Victoria FC Louvain
- Full name: Victoria Football Club Louvain
- Founded: 26 May 1920; 105 years ago (founded)
- Dissolved: 16 August 1945; 80 years ago (merged into Daring Club Leuven)
- League: 1942–43 Belgian Second Provincial Division

= Victoria FC Louvain =

Belgian football club

Victoria FC Louvain, was a Belgian football club from the city of Leuven, Flemish Brabant that existed between 1920 and 1945, when it ceased to exist and unofficially merged into Daring Club Leuven.

==History==
The club was founded and joined the Belgian FA on 26 May 1920, starting in the Second Provincial Division. In 1926, the club reached the national level for the first time, entering the Belgian Third Division, where it was paired with city rivals Stade Leuven and from 1928 as well with SC Leuven. Together with SC Leuven, Victoria dropped back into the provincial leagues following the 1928–29 season.

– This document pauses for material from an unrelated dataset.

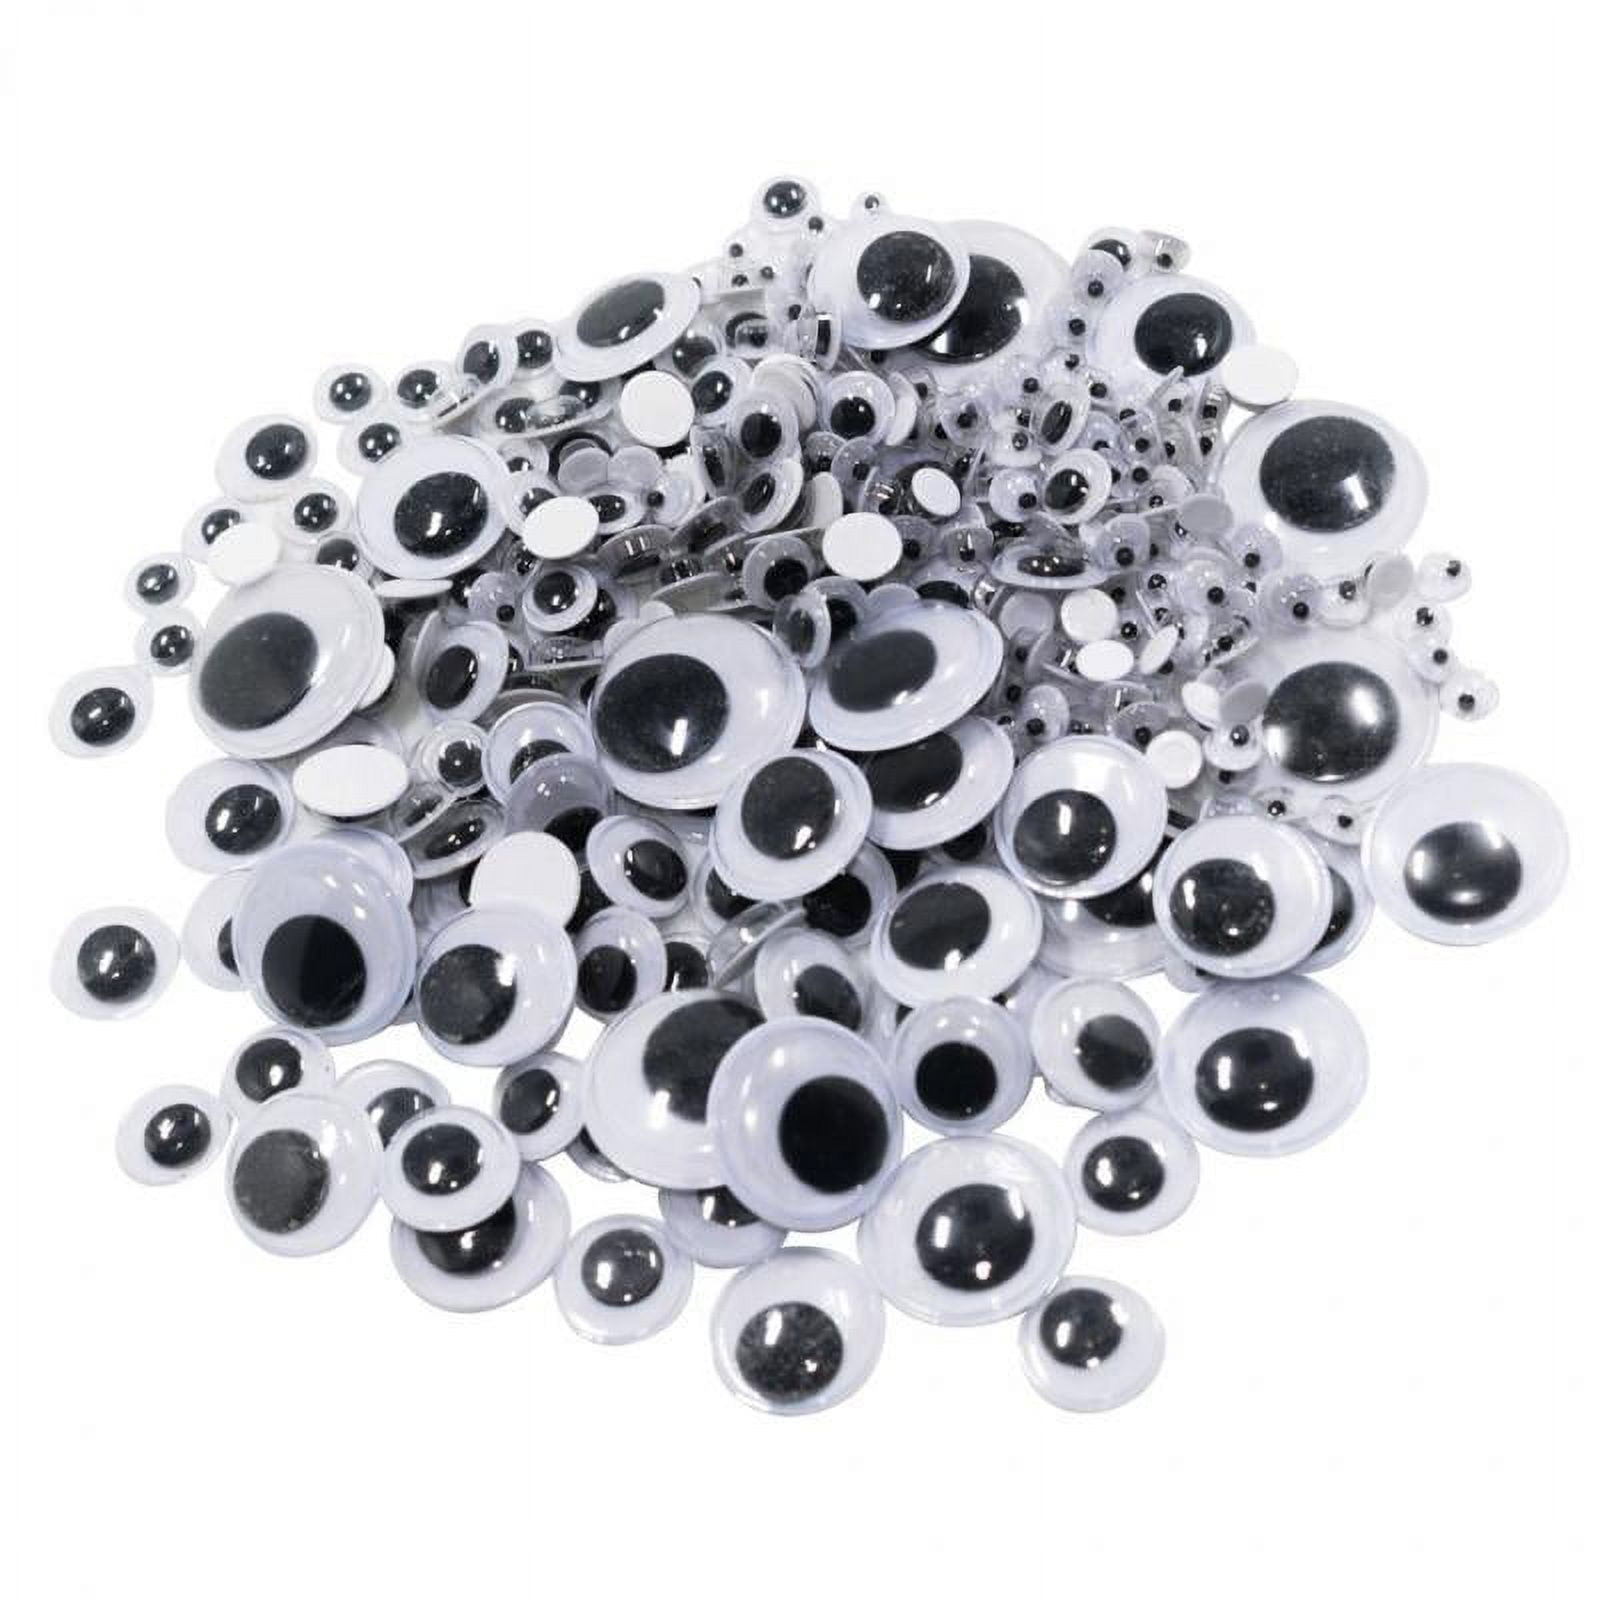 BEADNOVA Black Wiggle Googly Eyes Wobbly Eyes with Self Adhesive Sticker  for DIY Craft Scrapbooking (50mm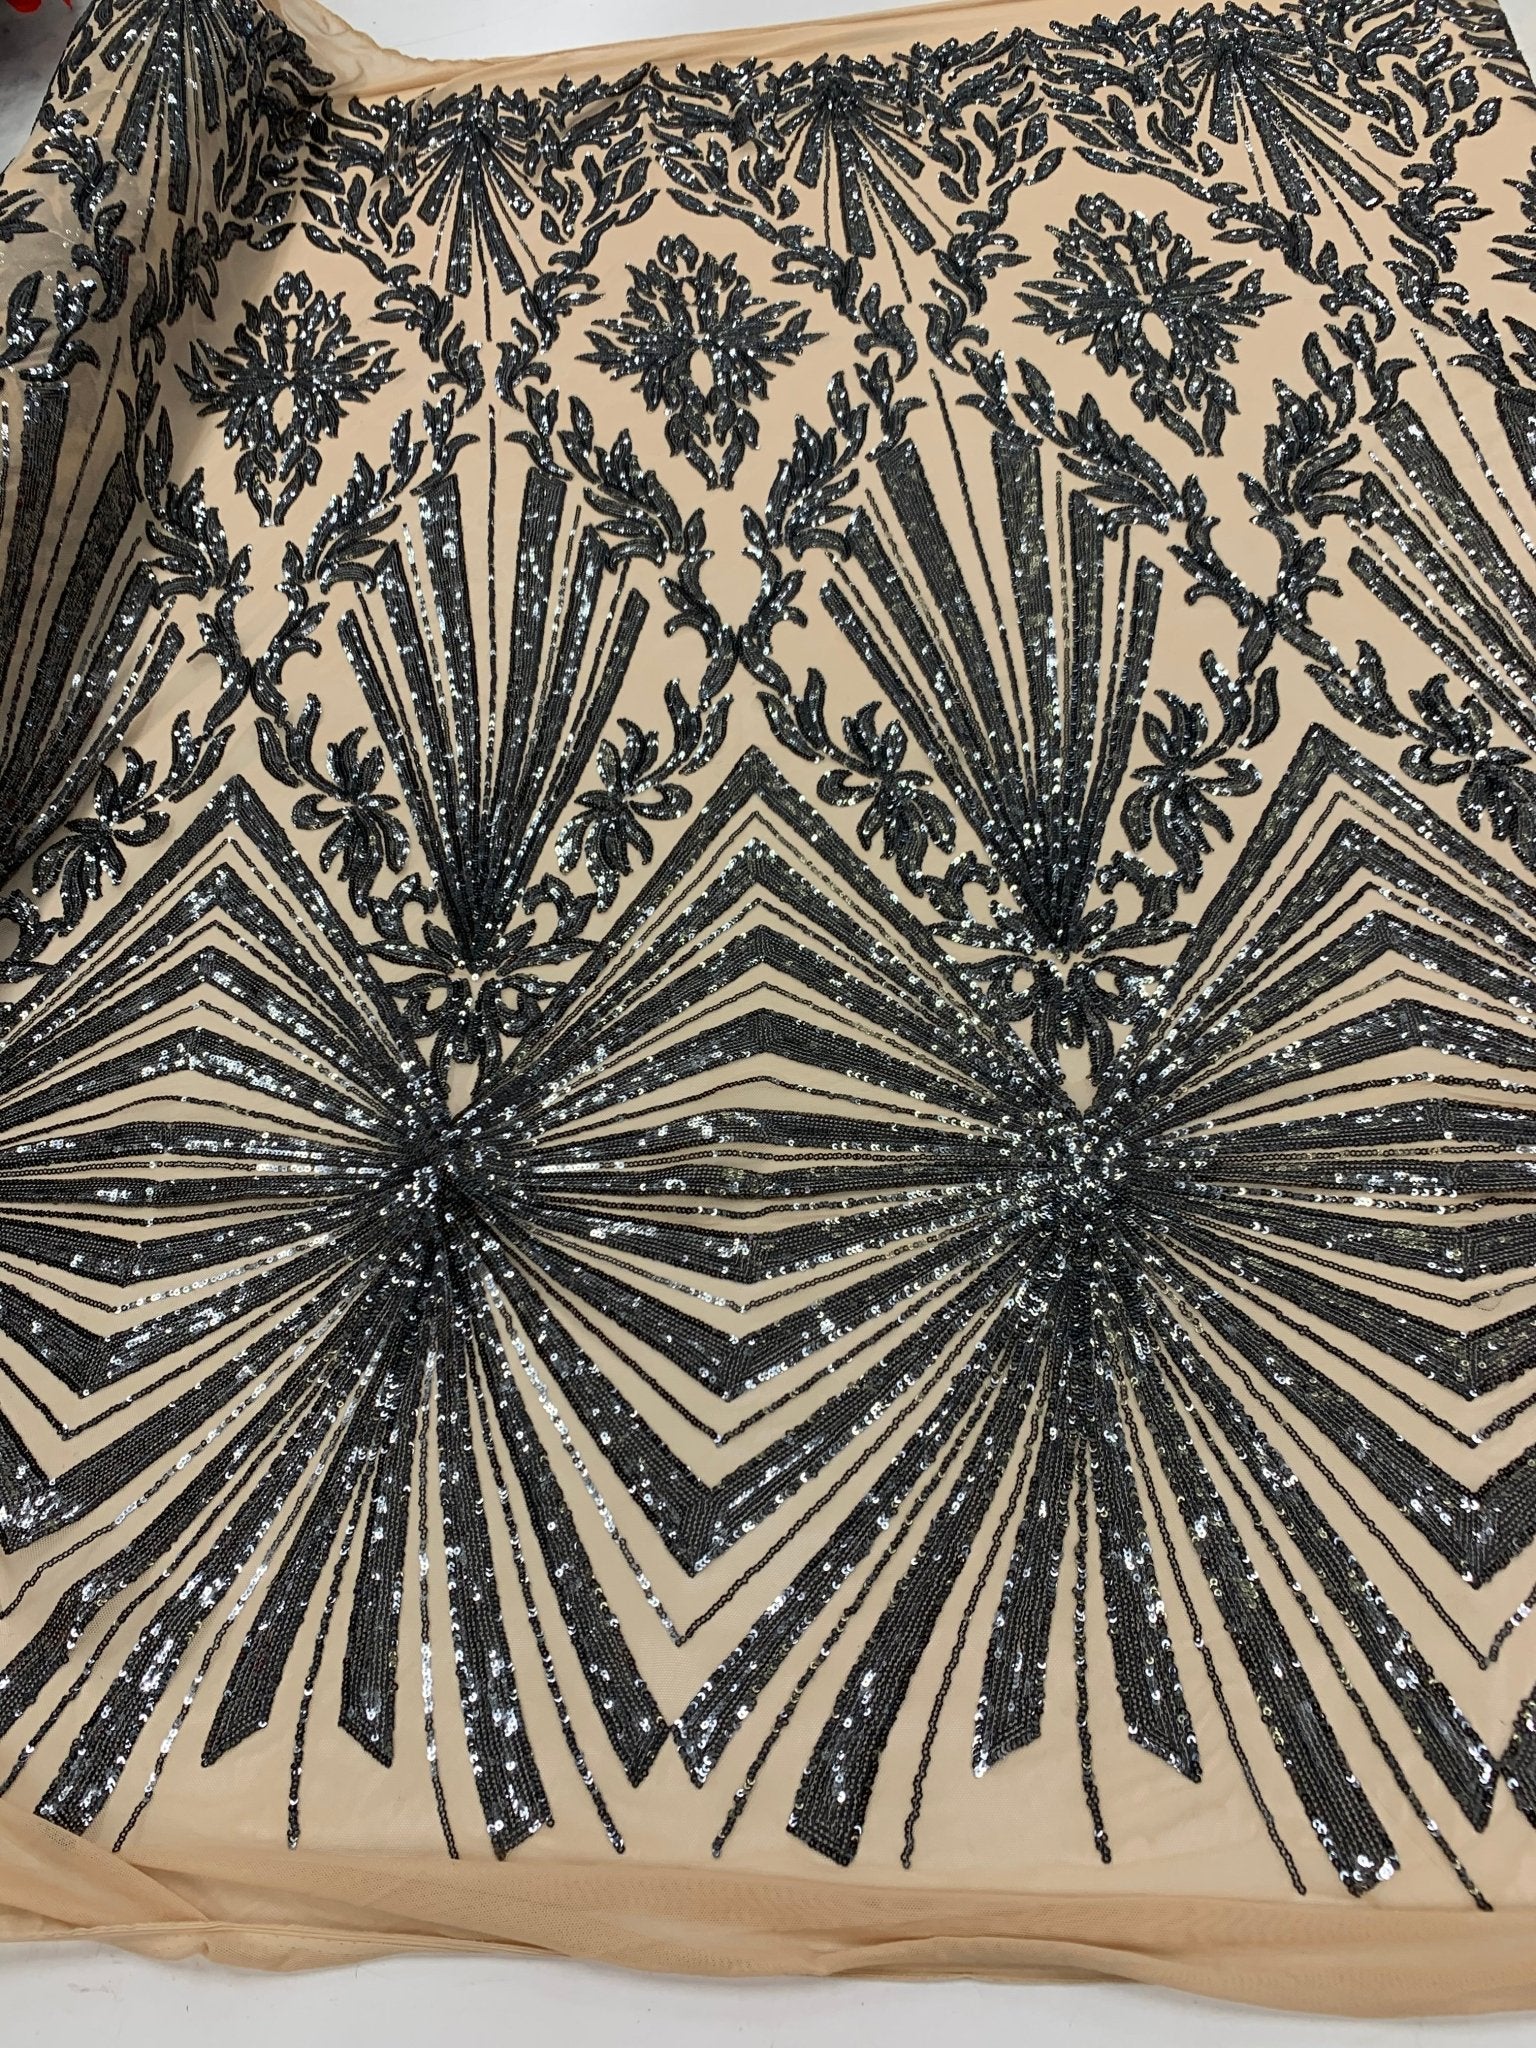 French Embroidery Stretch Sequins Fabric By The Yard on a Mesh LaceICEFABRICICE FABRICSGrayFrench Embroidery Stretch Sequins Fabric By The Yard on a Mesh Lace ICEFABRIC Black on Nude Mesh

In 1933 Victoria again returned to the Third Division, now meeting another team from Leuven with Hooger Op FC Leuven. Victoria avoided relegation successfully and was awarded by again being paired with Stade Leuven and SC Leuven the following season. After four seasons of national football, Victoria relegated again in 1937 and would never return. The club relegated into the Belgian Second Provincial Division in 1939 and further into the Belgian Third Provincial Division in 1943. After World War II, several clubs from Leuven merged, with Victoria ceasing to exist and unofficially merging with SC Louvain, which continued as Daring Club Leuven. The club was finally officially disestablished on 16 augustus 1945.